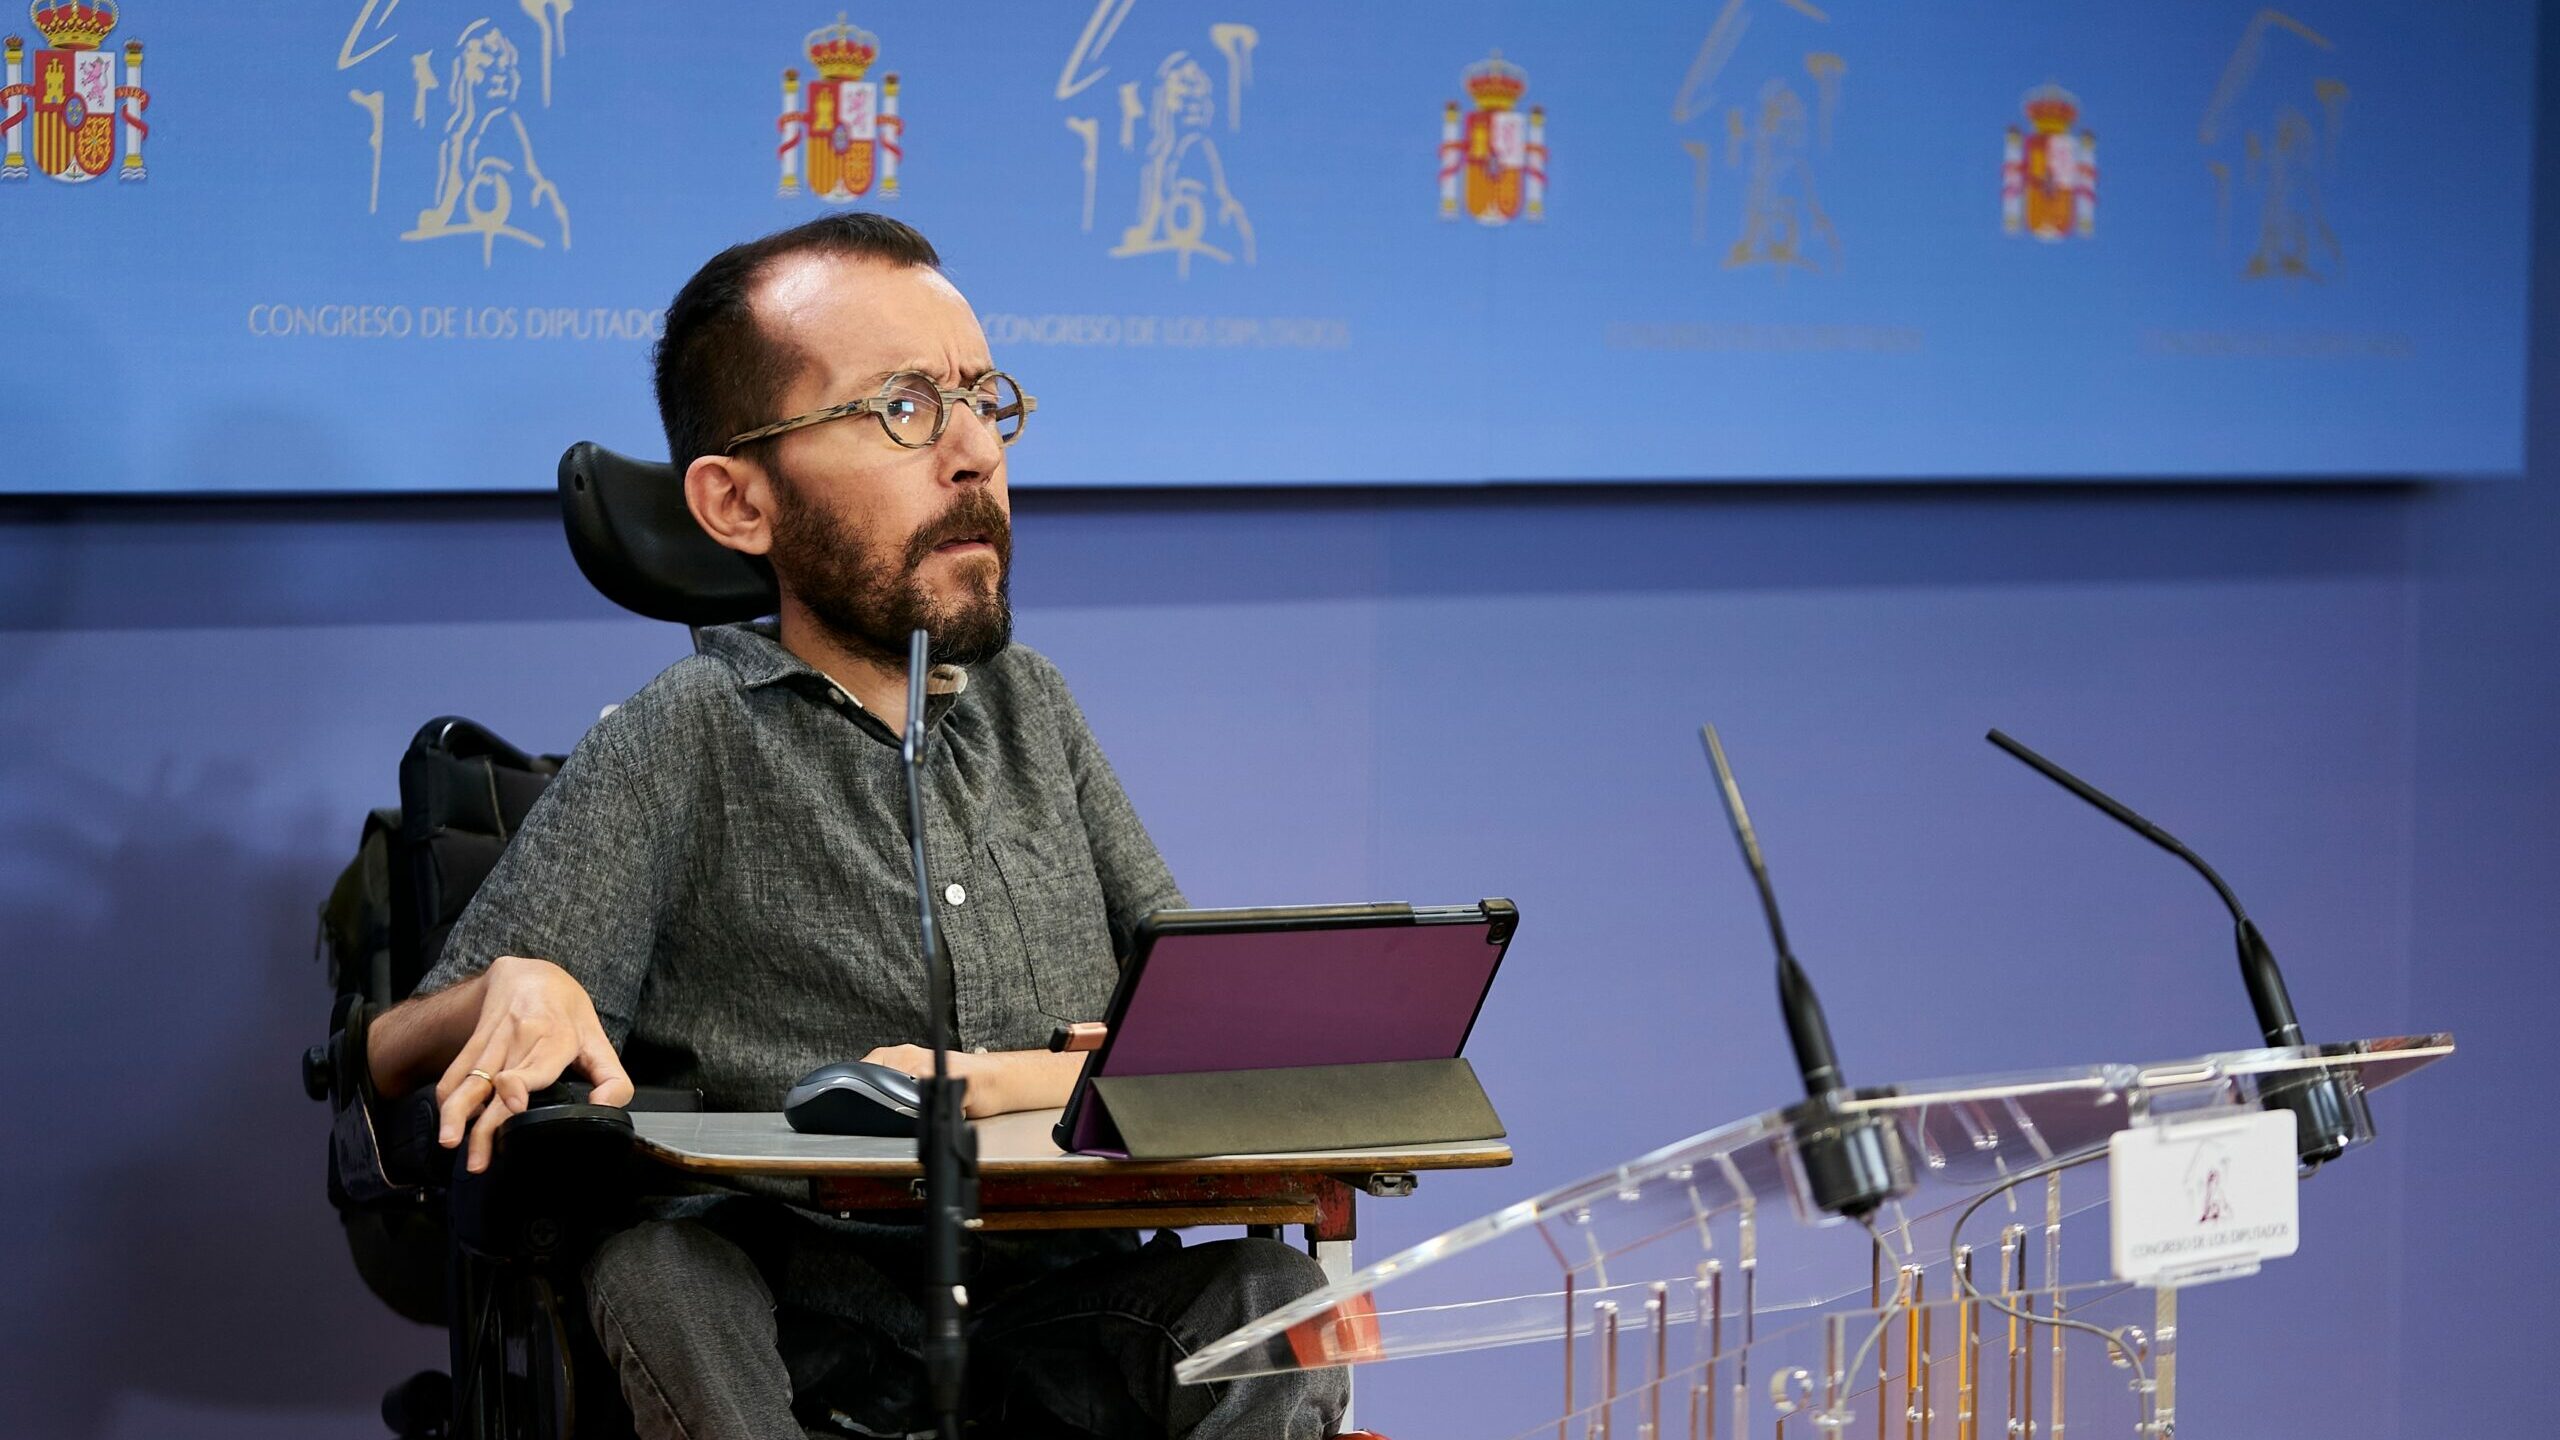 El PSOE da la bienvenida a los votos de Cs para aprobar la reforma laboral mientras Podemos rechaza esa vía
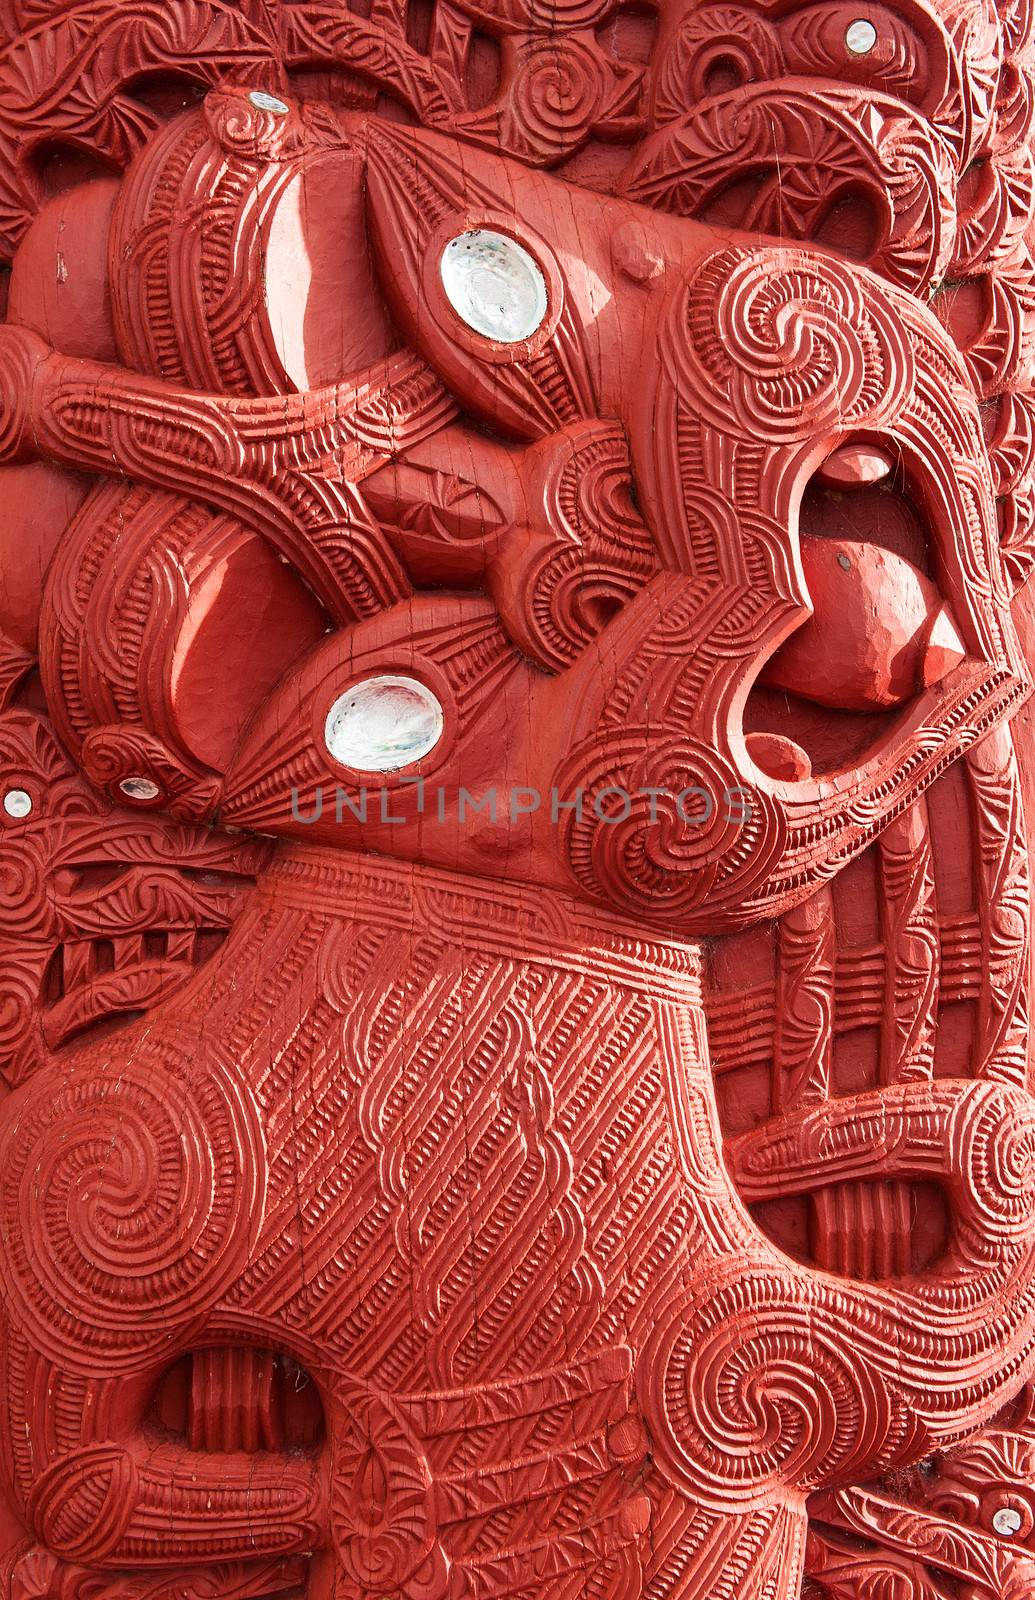  Beautiful maori carving. Detail of the historic meeting house Tamatekapua, Rotorua, New Zealand
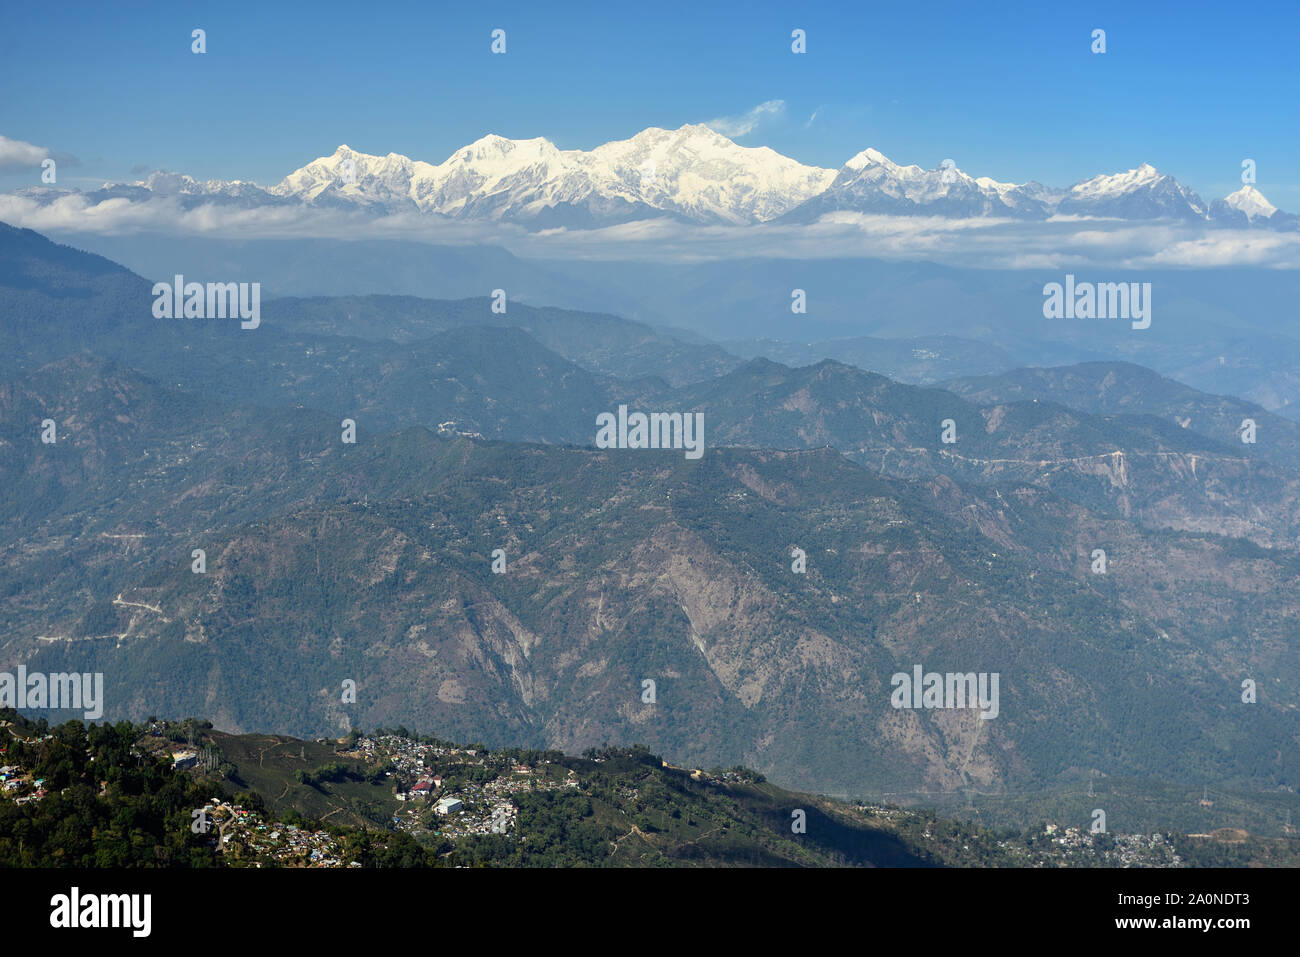 La beauté naturelle de l'Himalaya, les montagnes blanches, vue spectaculaire sur le Darjeeling, West Bengal, India Banque D'Images
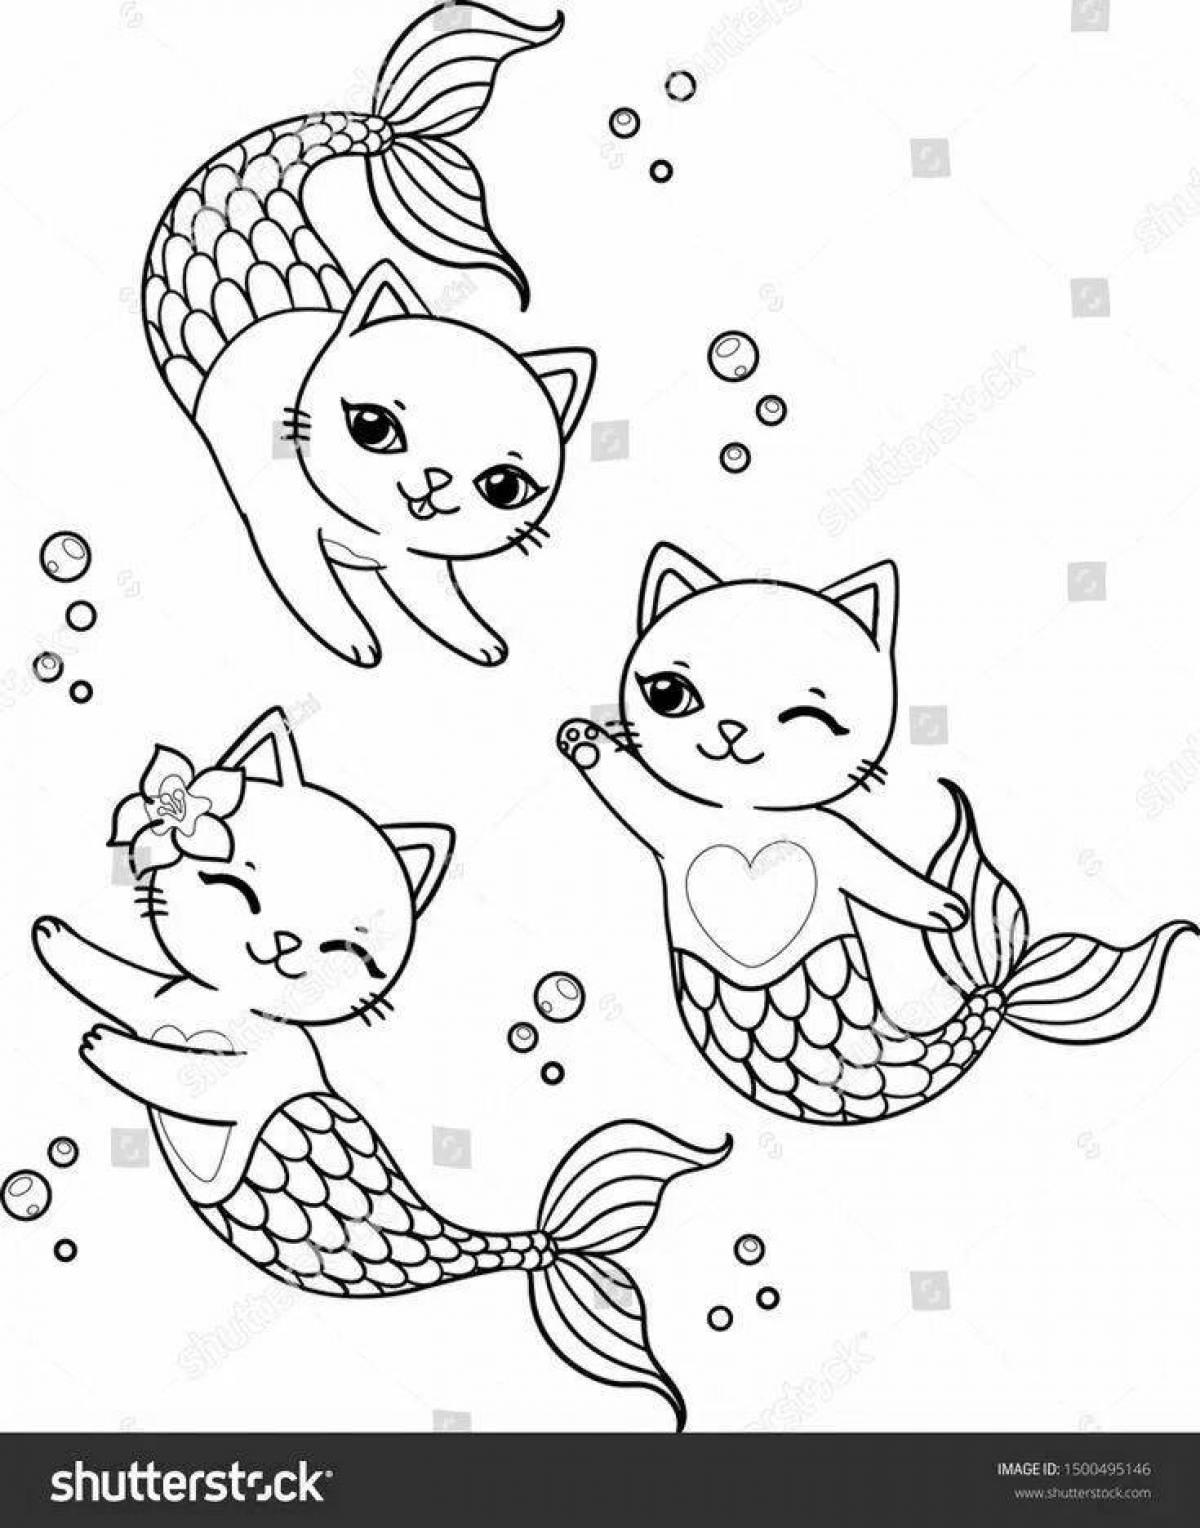 Major coloring cat mermaid

==================================================

§ The problem
Reproduce every line above exactly as written, omitting the images.

§ Answer space
 El PSOE da la bienvenida a los votos de Cs para aprobar la reforma laboral mientras Podemos rechaza esa vía
  Beautiful maori carving. Detail of the historic meeting house Tamatekapua, Rotorua, New Zealand
 La beauté naturelle de l'Himalaya, les montagnes blanches, vue spectaculaire sur le Darjeeling, West Bengal, India Banque D'Images
 Major coloring cat mermaid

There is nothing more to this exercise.